Liturgia diária
Segunda-feira da 2ª semana do Tempo Comum
5,1-10.
1 Todo o sumo sacerdote, escolhido de entre os homens, é constituído em favor dos homens, nas suas relações com Deus, para oferecer dons e sacrifícios pelos pecados.
2 Ele pode ser compreensivo para com os ignorantes e os transviados, porque também ele está revestido de fraqueza;
3 e, por isso, deve oferecer sacrifícios pelos próprios pecados e pelos do seu povo.
4 Ninguém pode atribuir a si próprio esta honra, senão quem foi chamado por Deus, como Aarão.
5 Assim também, não foi Cristo que tomou para Si a glória de Se tornar sumo sacerdote; deu-Lha Aquele que Lhe disse: «Tu és meu Filho, Eu hoje Te gerei»,
6 e, como disse ainda noutro lugar: «Tu és sacerdote para sempre, segundo a ordem de Melquisedec».
7 Nos dias da sua vida mortal, Cristo dirigiu preces e súplicas, com grandes clamores e lágrimas, Àquele que O podia livrar da morte, e foi atendido por causa da sua piedade.
8 Apesar de ser Filho, aprendeu a obediência no sofrimento
9 e, tendo atingido a sua plenitude, tornou-Se para todos os que Lhe obedecem causa de salvação eterna.
10 Ele que foi proclamado por Deus sumo sacerdote segundo a ordem de Melquisedec.
110(109),1.2.3.4.
R/ O Senhor é sacerdote para sempre.
1 Disse o Senhor ao meu Senhor:
«Senta-te à minha direita,
até que Eu faça de teus inimigos escabelo de teus pés.
2 O Senhor estenderá de Sião
o cetro do teu poder
e tu dominarás no meio dos teus inimigos.
3 A ti pertence a realeza desde o dia em que nasceste,
nos esplendores da santidade,
antes da aurora, como orvalho, Eu te gerei».

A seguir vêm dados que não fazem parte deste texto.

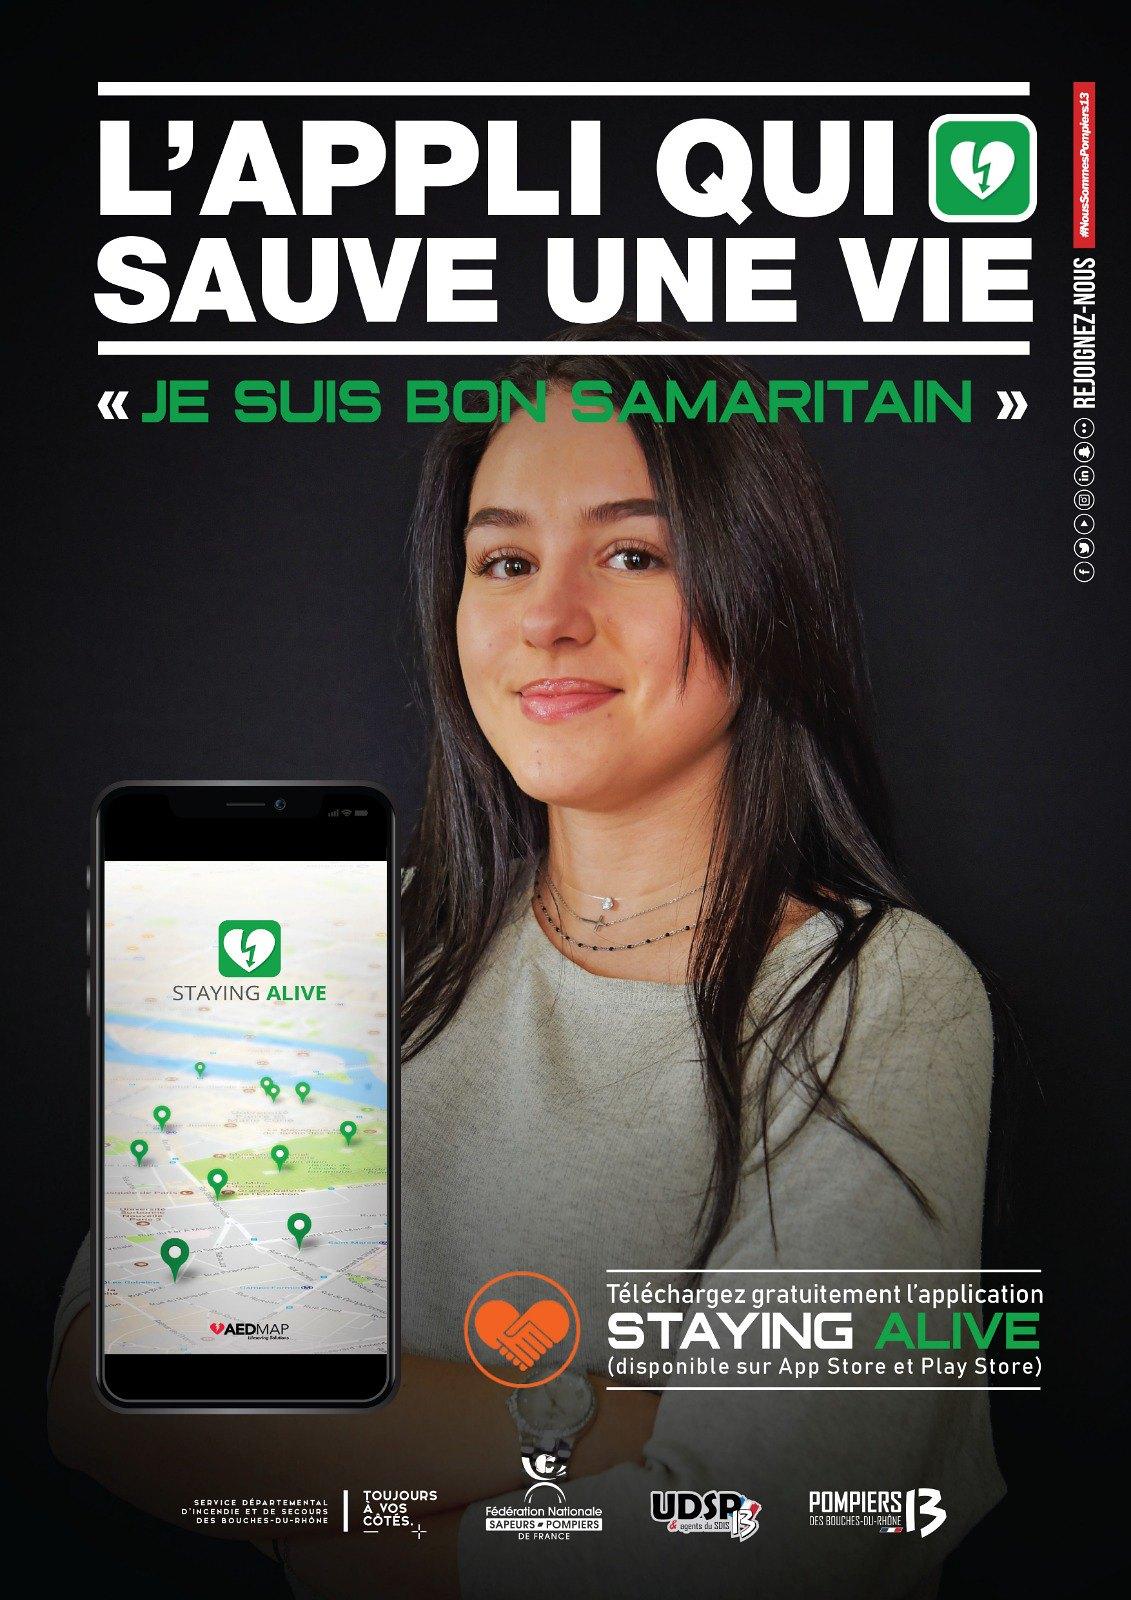 Devenez bon samaritain avec l'application Staying alive

4 O Senhor jurou e não Se arrependerá:
«Tu és sacerdote para sempre,
segundo a ordem de Melquisedec».
2,18-22.
18 Naquele tempo, os discípulos de João e os fariseus guardavam o jejum. Vieram perguntar a Jesus: «Por que motivo jejuam os discípulos de João e os fariseus, e os teus discípulos não jejuam?».
19 Respondeu-lhes Jesus: «Podem os companheiros do noivo jejuar enquanto o noivo está com eles? Enquanto têm o noivo consigo, não podem jejuar.
20 Dias virão em que o noivo lhes será tirado; nesses dias, jejuarão.
21 Ninguém põe remendo de pano novo em vestido velho, porque o remendo novo arranca parte do velho e o rasgão fica maior.
22 E ninguém deita vinho novo em odres velhos, porque o vinho acaba por romper os odres, e perdem-se o vinho e os odres. Para vinho novo, odres novos».
Comentário ao Evangelho
«Aí vem o esposo; ide ao seu encontro» (Mt 25,6)
Quando chegou o tempo de Se compadecer dos sofrimentos da humanidade, a sua bem-amada, Deus enviou o seu Filho único à Terra, a esse palácio sumptuoso e glorioso templo que foi o seio da Virgem Maria. Aí, Ele desposou a nossa natureza, unindo-a à sua Pessoa a partir do sangue puríssimo da Virgem bem-aventurada. O anjo Gabriel publicou os banhos, a gloriosa Virgem Maria deu o seu consentimento e o sacerdote que celebrou as bodas foi o Espírito Santo. E foi assim que Cristo, nosso fiel Esposo, Se uniu à nossa natureza, nos visitou em terra estrangeira (cf Lc 1,78) e nos instruiu de maneira celeste e com fidelidade perfeita (cf Jo 6,68-69; 1Cor 24.30).
Ele penou e combateu contra o nosso inimigo como valoroso campeão, anulando-lhe a devastação (cf Sl 80,14) e arrebatando-lhe o prémio da vitória (cf Is 40,10). Com a sua morte destruiu a nossa morte, resgatou-nos com o seu sangue e libertou-nos, no batismo, pela água do seu lado (cf Jo 19,34). Enriqueceu-nos com os seus dons e os sacramentos que nos deixou (cf 2Cor 8,9), a fim de que, ornados com todas as formas de virtude, fôssemos ao seu encontro, como nos diz no Evangelho (cf Mt 25,6), e O encontrássemos no palácio da sua glória para aí estarmos com Ele eternamente.